• About this exercise
Repeat the data below word for word.

• Listed records
[Start of section]

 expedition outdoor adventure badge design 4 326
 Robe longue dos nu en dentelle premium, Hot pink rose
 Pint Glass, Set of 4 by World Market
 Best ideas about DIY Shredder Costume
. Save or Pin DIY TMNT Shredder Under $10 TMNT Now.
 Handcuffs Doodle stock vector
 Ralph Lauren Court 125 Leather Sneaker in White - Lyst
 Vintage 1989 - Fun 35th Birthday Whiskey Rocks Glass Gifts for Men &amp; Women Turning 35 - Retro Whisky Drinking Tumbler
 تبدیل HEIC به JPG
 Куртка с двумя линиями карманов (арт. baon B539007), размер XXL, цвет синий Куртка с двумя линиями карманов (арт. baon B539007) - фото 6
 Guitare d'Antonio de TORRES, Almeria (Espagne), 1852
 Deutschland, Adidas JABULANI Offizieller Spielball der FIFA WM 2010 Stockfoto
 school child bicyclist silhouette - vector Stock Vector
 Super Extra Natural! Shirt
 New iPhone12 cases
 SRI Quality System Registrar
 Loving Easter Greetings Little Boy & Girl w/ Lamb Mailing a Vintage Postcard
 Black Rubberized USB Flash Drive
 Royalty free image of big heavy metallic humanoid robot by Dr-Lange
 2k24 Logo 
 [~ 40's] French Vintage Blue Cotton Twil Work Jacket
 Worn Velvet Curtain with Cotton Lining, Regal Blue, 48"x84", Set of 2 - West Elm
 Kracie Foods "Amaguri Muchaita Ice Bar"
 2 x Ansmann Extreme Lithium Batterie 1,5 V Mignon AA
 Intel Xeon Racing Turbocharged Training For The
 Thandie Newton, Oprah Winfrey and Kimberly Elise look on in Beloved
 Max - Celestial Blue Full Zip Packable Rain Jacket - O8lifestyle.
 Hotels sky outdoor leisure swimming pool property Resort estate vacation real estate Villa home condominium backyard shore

[End of section]

• Your solution
 expedition outdoor adventure badge design 4 326
 Robe longue dos nu en dentelle premium, Hot pink rose
 Pint Glass, Set of 4 by World Market
 Best ideas about DIY Shredder Costume
. Save or Pin DIY TMNT Shredder Under $10 TMNT Now.
 Handcuffs Doodle stock vector
 Ralph Lauren Court 125 Leather Sneaker in White - Lyst
 Vintage 1989 - Fun 35th Birthday Whiskey Rocks Glass Gifts for Men &amp; Women Turning 35 - Retro Whisky Drinking Tumbler
 تبدیل HEIC به JPG
 Куртка с двумя линиями карманов (арт. baon B539007), размер XXL, цвет синий Куртка с двумя линиями карманов (арт. baon B539007) - фото 6
 Guitare d'Antonio de TORRES, Almeria (Espagne), 1852
 Deutschland, Adidas JABULANI Offizieller Spielball der FIFA WM 2010 Stockfoto
 school child bicyclist silhouette - vector Stock Vector
 Super Extra Natural! Shirt
 New iPhone12 cases
 SRI Quality System Registrar
 Loving Easter Greetings Little Boy & Girl w/ Lamb Mailing a Vintage Postcard
 Black Rubberized USB Flash Drive
 Royalty free image of big heavy metallic humanoid robot by Dr-Lange
 2k24 Logo 
 [~ 40's] French Vintage Blue Cotton Twil Work Jacket
 Worn Velvet Curtain with Cotton Lining, Regal Blue, 48"x84", Set of 2 - West Elm
 Kracie Foods "Amaguri Muchaita Ice Bar"
 2 x Ansmann Extreme Lithium Batterie 1,5 V Mignon AA
 Intel Xeon Racing Turbocharged Training For The
 Thandie Newton, Oprah Winfrey and Kimberly Elise look on in Beloved
 Max - Celestial Blue Full Zip Packable Rain Jacket - O8lifestyle.
 Hotels sky outdoor leisure swimming pool property Resort estate vacation real estate Villa home condominium backyard shore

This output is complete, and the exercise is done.